- _To do_
Return the data exactly, without pictures.

- _Information provided_
====
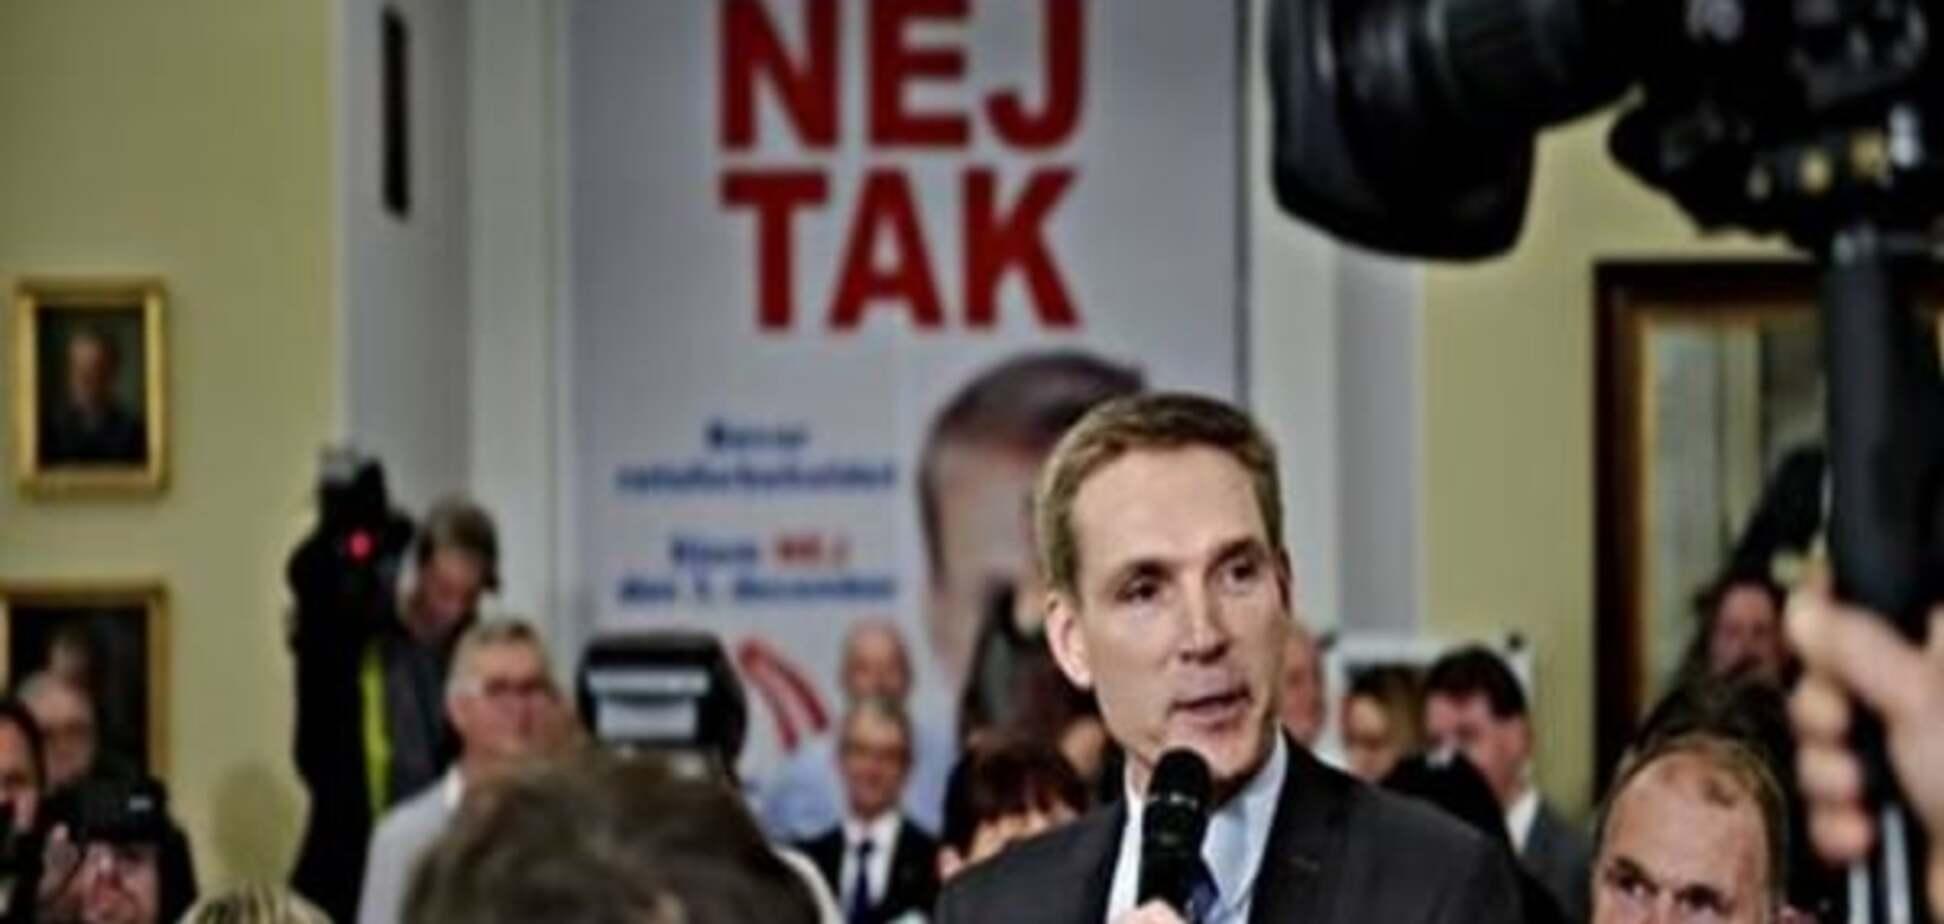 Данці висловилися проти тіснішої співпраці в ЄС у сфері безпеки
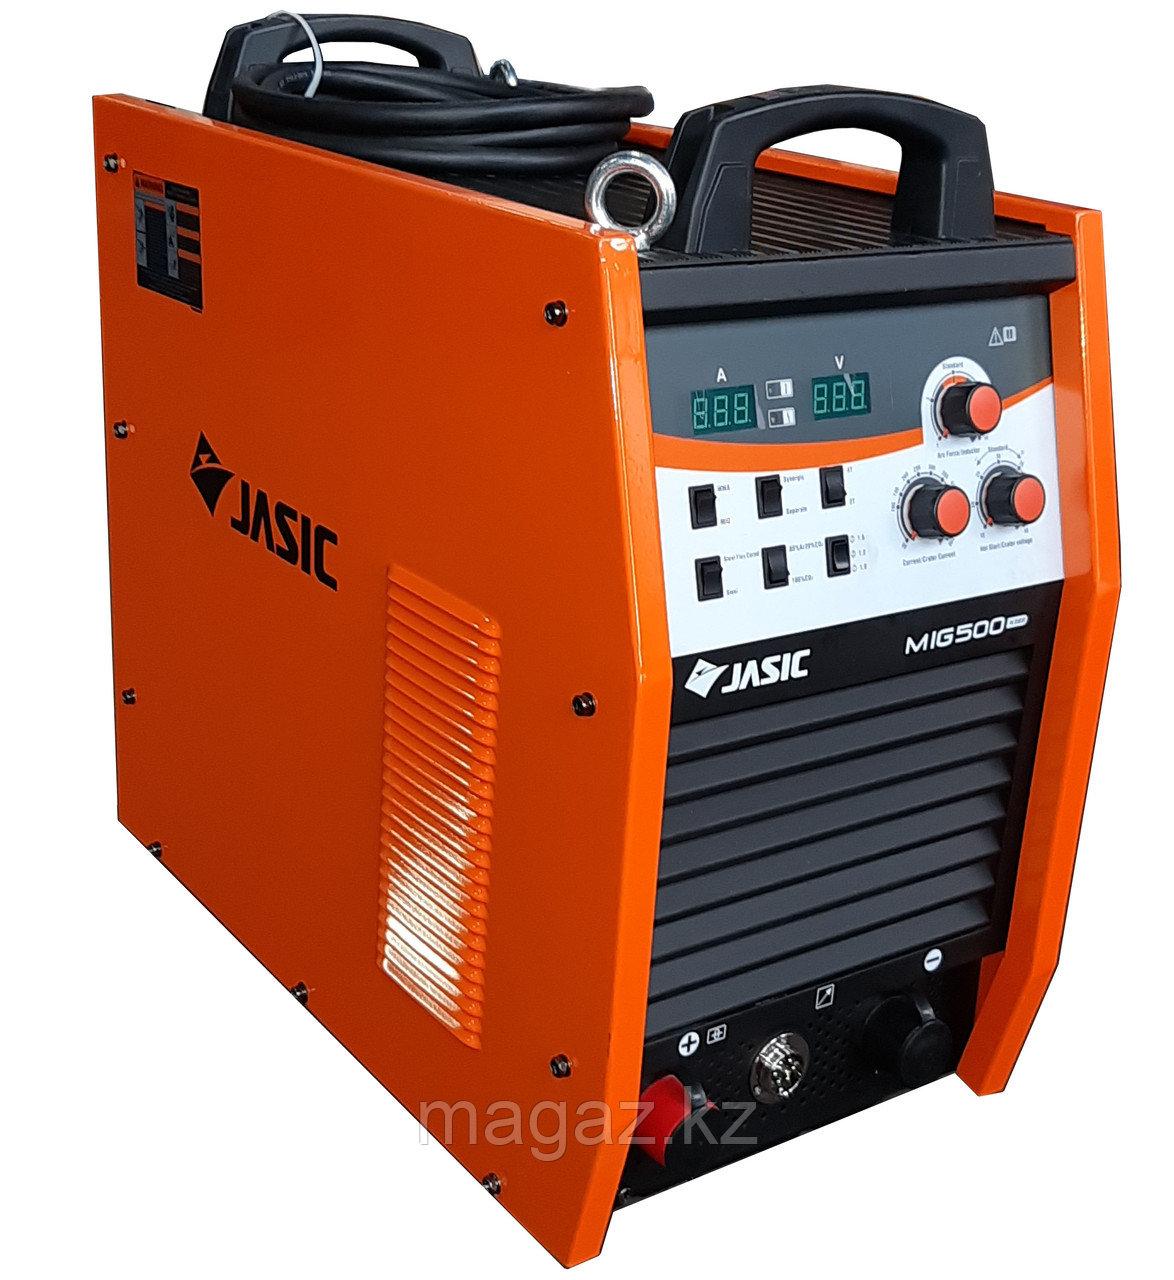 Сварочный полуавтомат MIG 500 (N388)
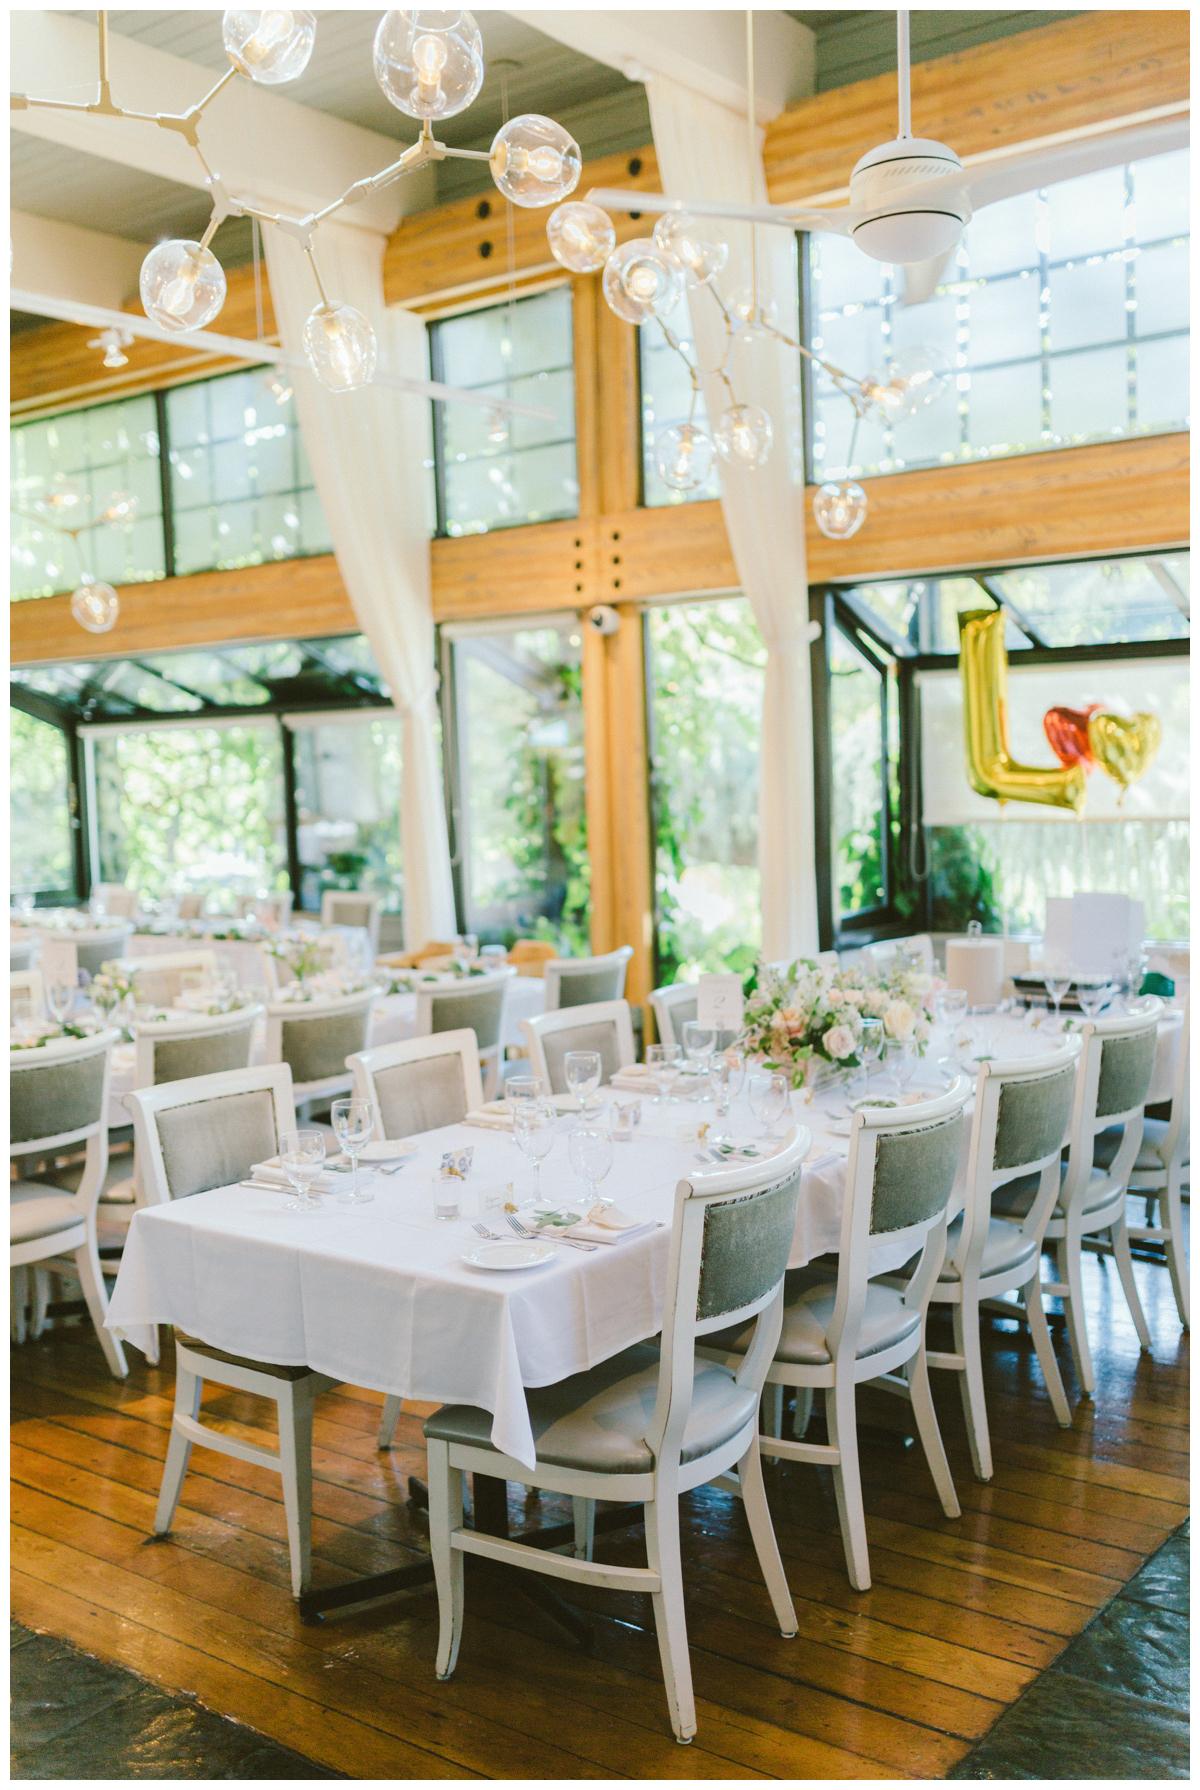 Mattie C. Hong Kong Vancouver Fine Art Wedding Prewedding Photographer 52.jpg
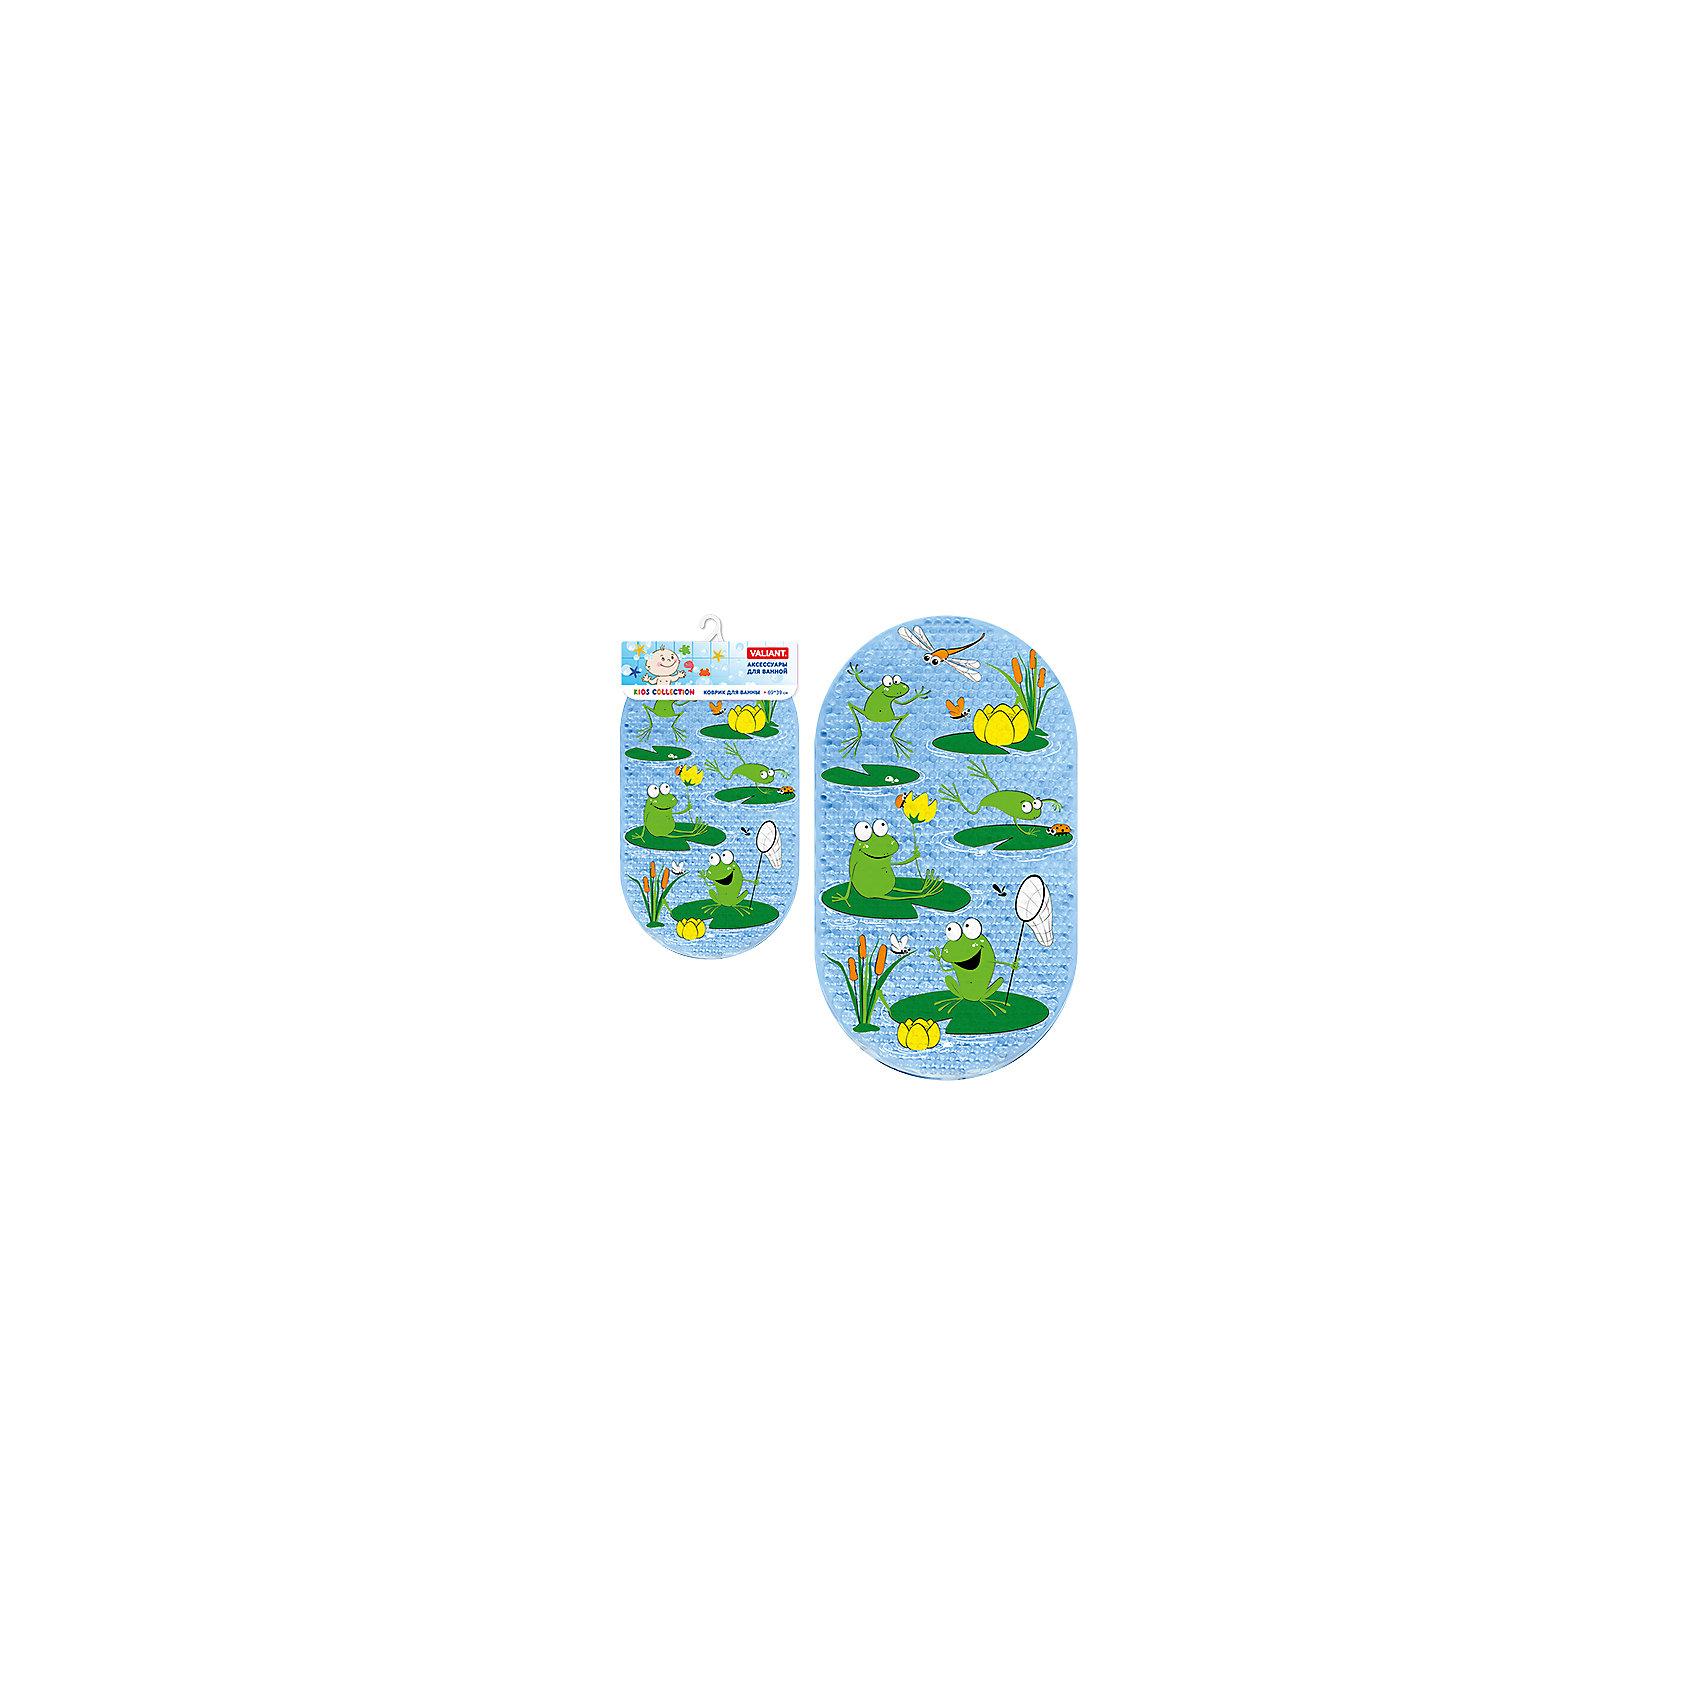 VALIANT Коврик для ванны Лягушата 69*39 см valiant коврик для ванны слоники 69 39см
====
- _Written answer_
 Данці висловилися проти тіснішої співпраці в ЄС у сфері безпеки
 Сварочный полуавтомат MIG 500 (N388)
 Mattie C. Hong Kong Vancouver Fine Art Wedding Prewedding Photographer 52.jpg
 VALIANT Коврик для ванны Лягушата 69*39 см valiant коврик для ванны слоники 69 39см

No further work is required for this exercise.